### What needs to be done:
Reproduce all the data exactly, without pictures.

### Material provided:

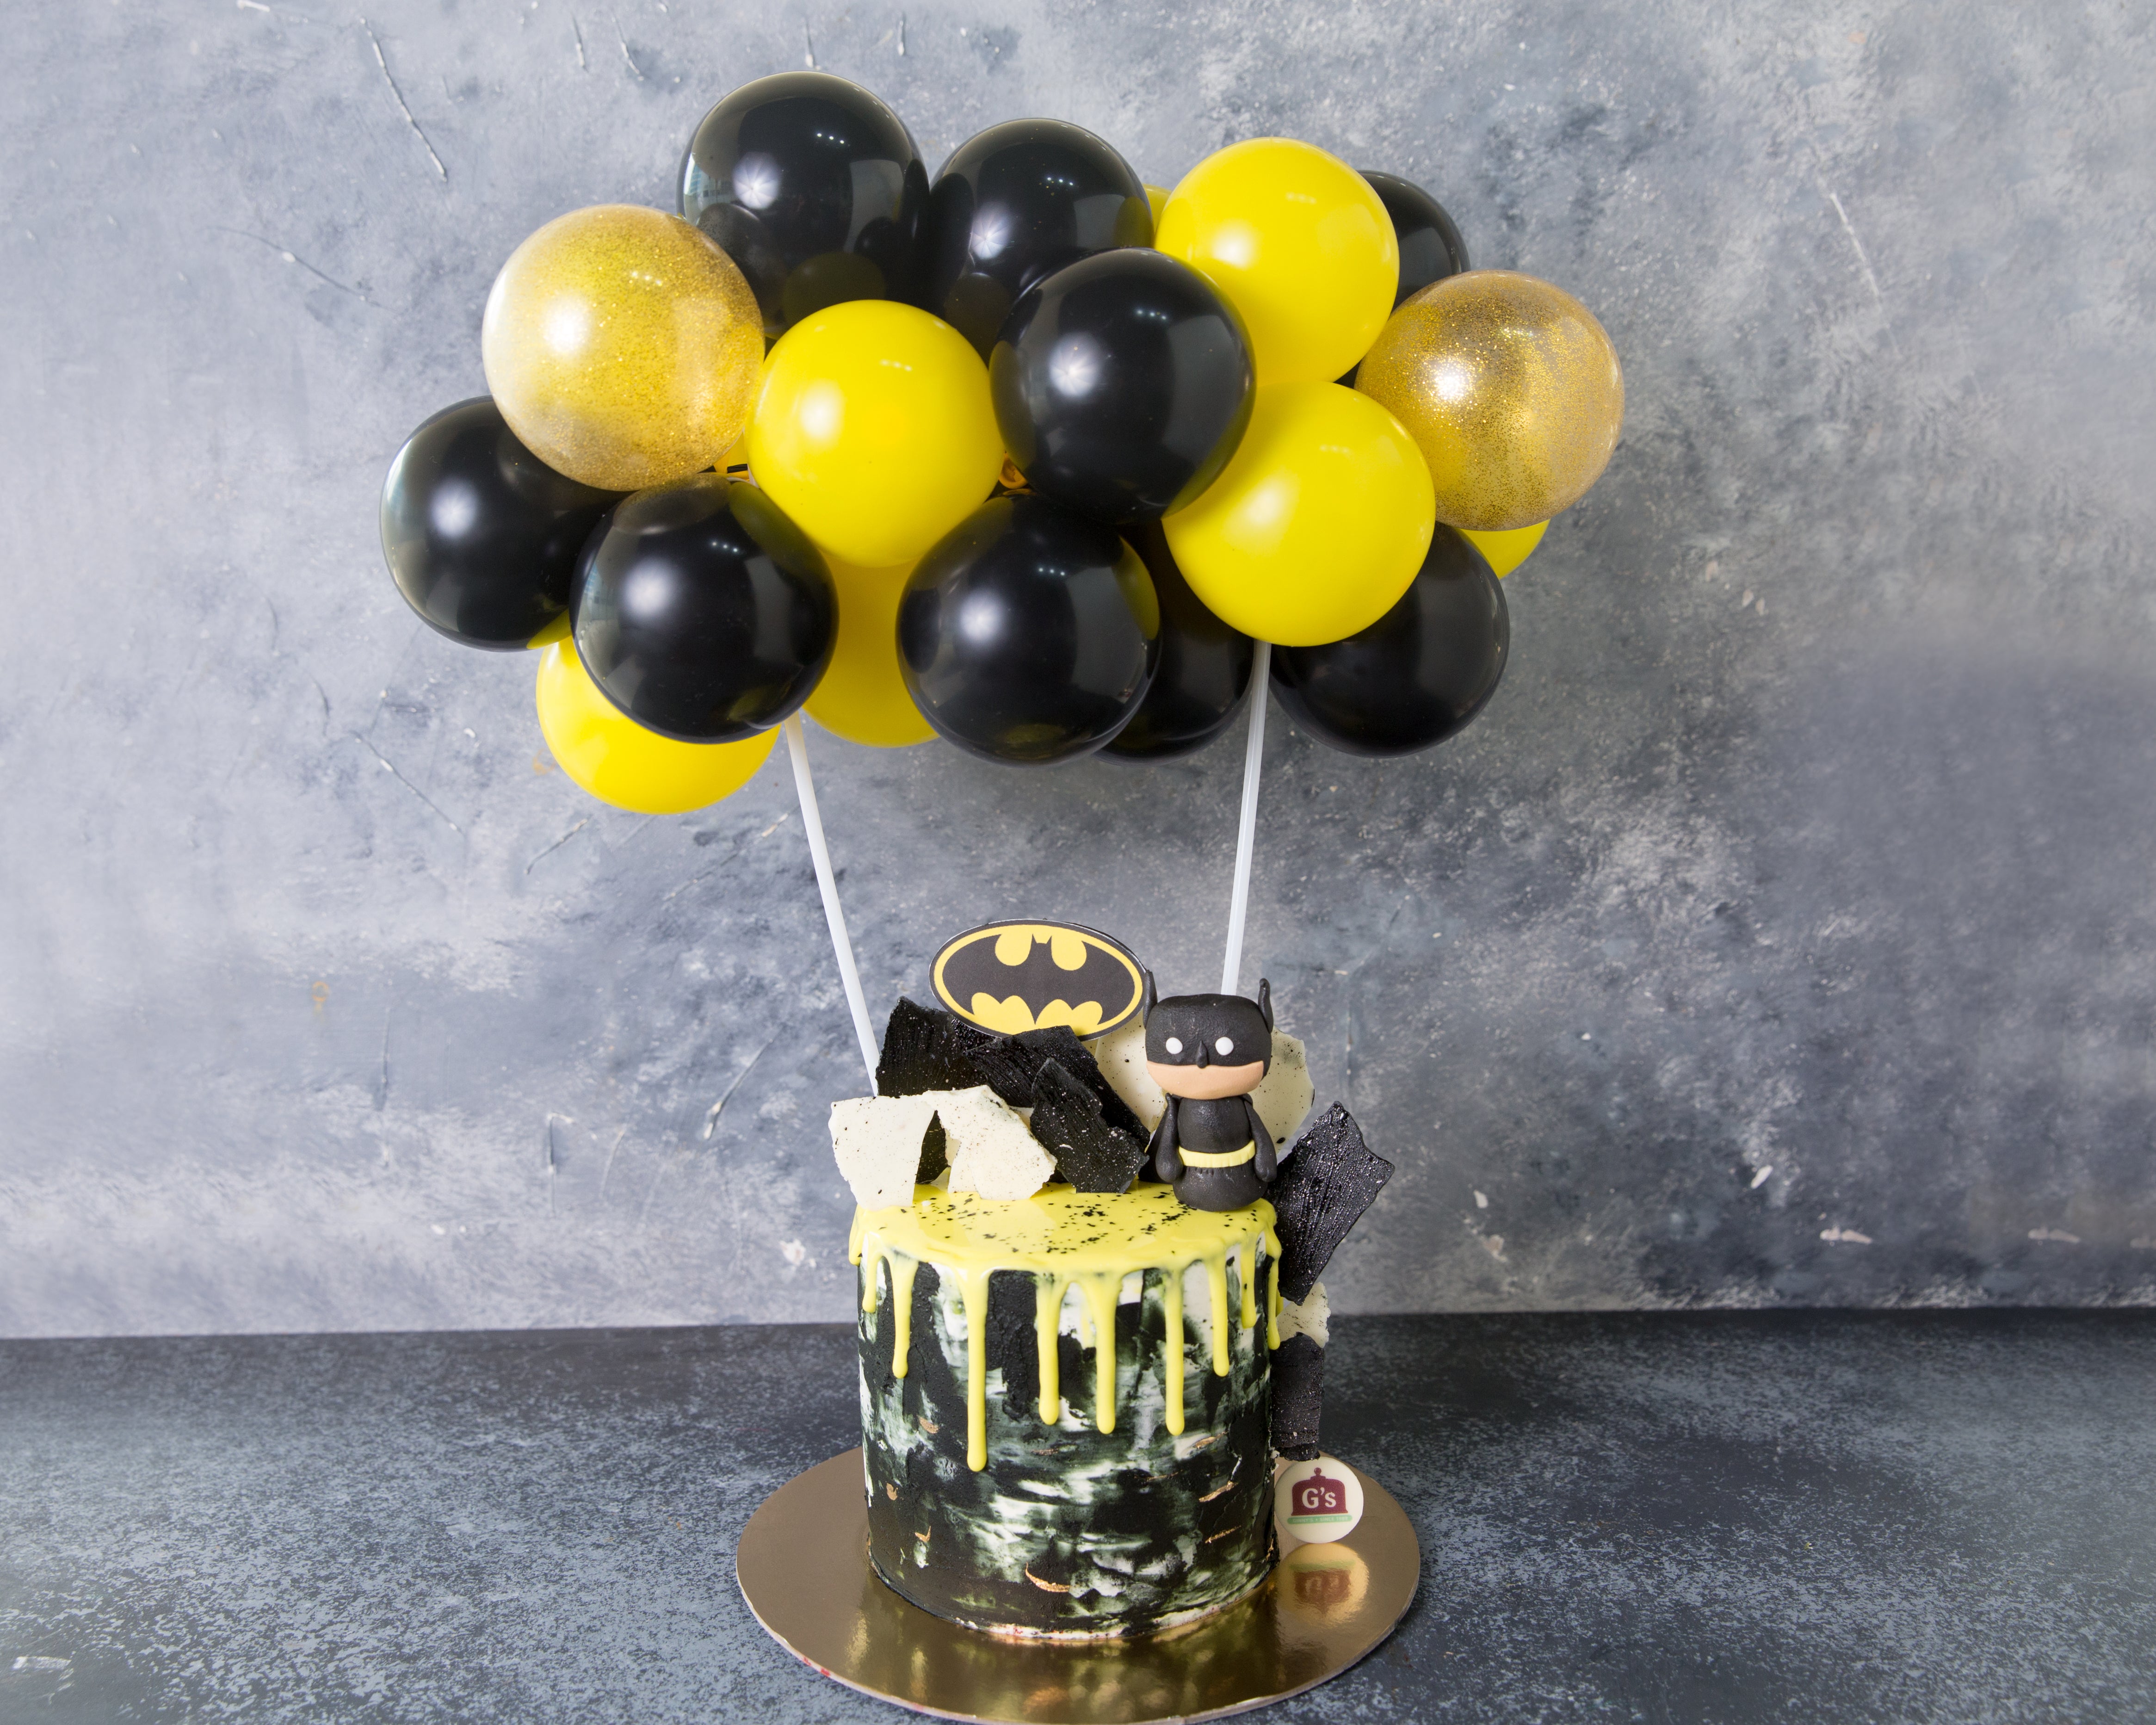 Batman Balloon Cake
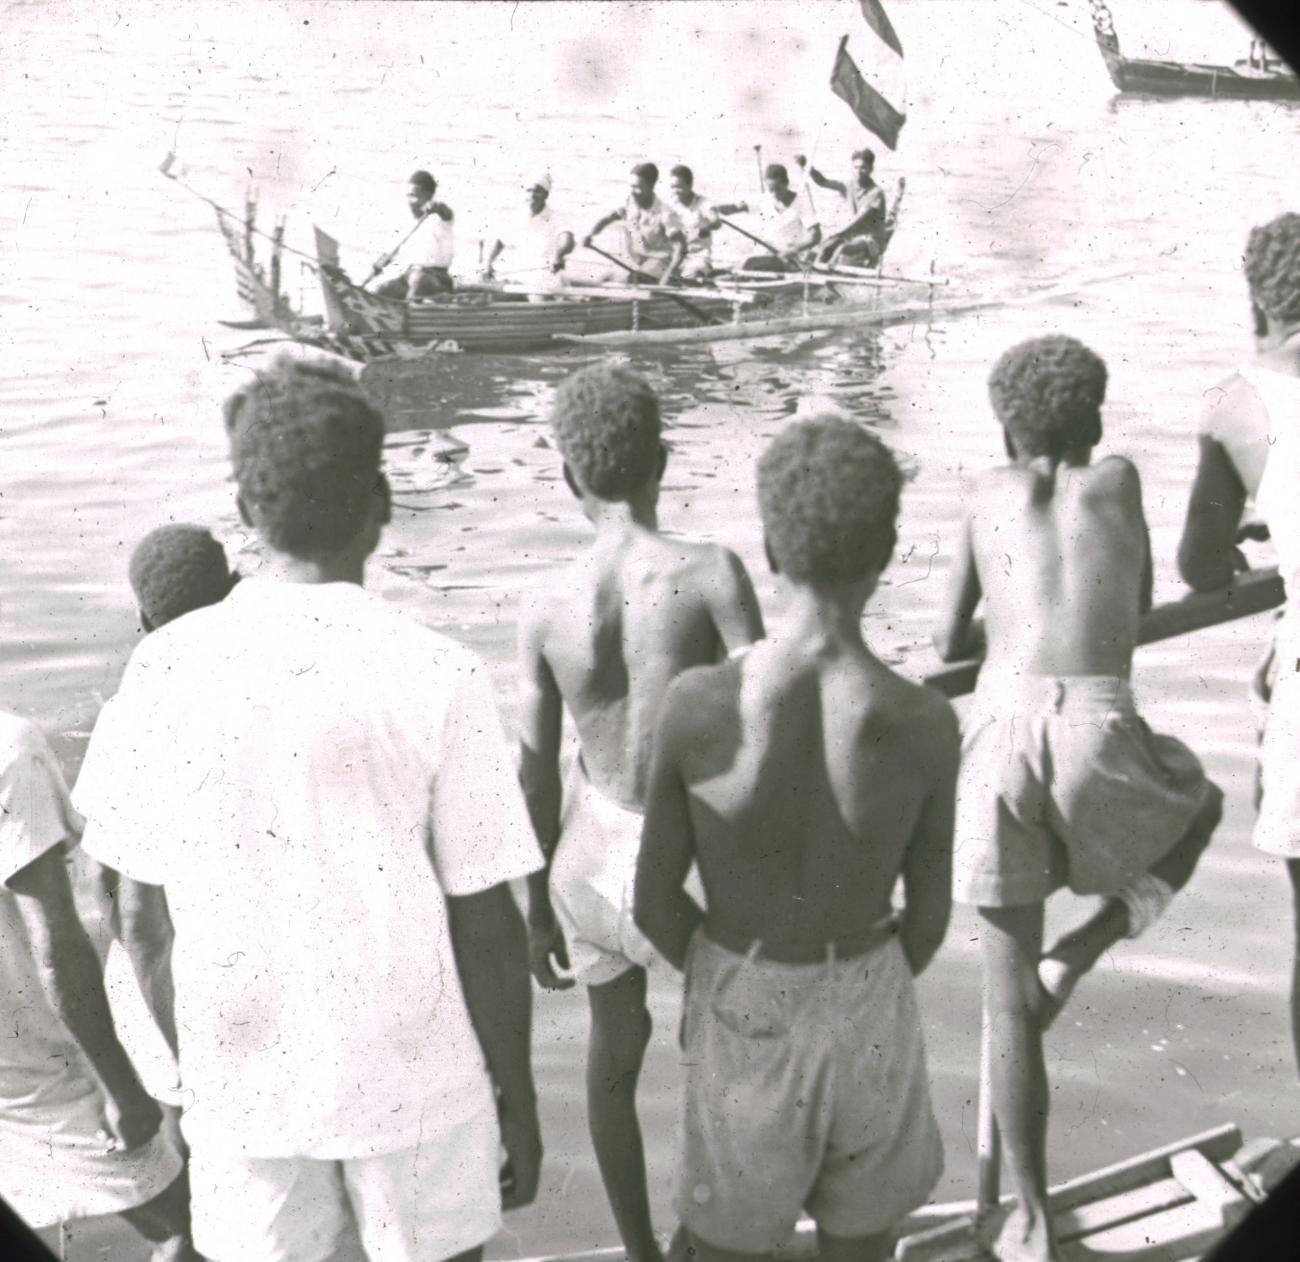 BD/329/13 - 
Groep Papoea-jongeren bekijkt vanaf de oever een prauw met dubbele uitleggers en versierde voorsteven

### Answer for the task:
 Batman Balloon Cake
 BD/329/13 - 
Groep Papoea-jongeren bekijkt vanaf de oever een prauw met dubbele uitleggers en versierde voorsteven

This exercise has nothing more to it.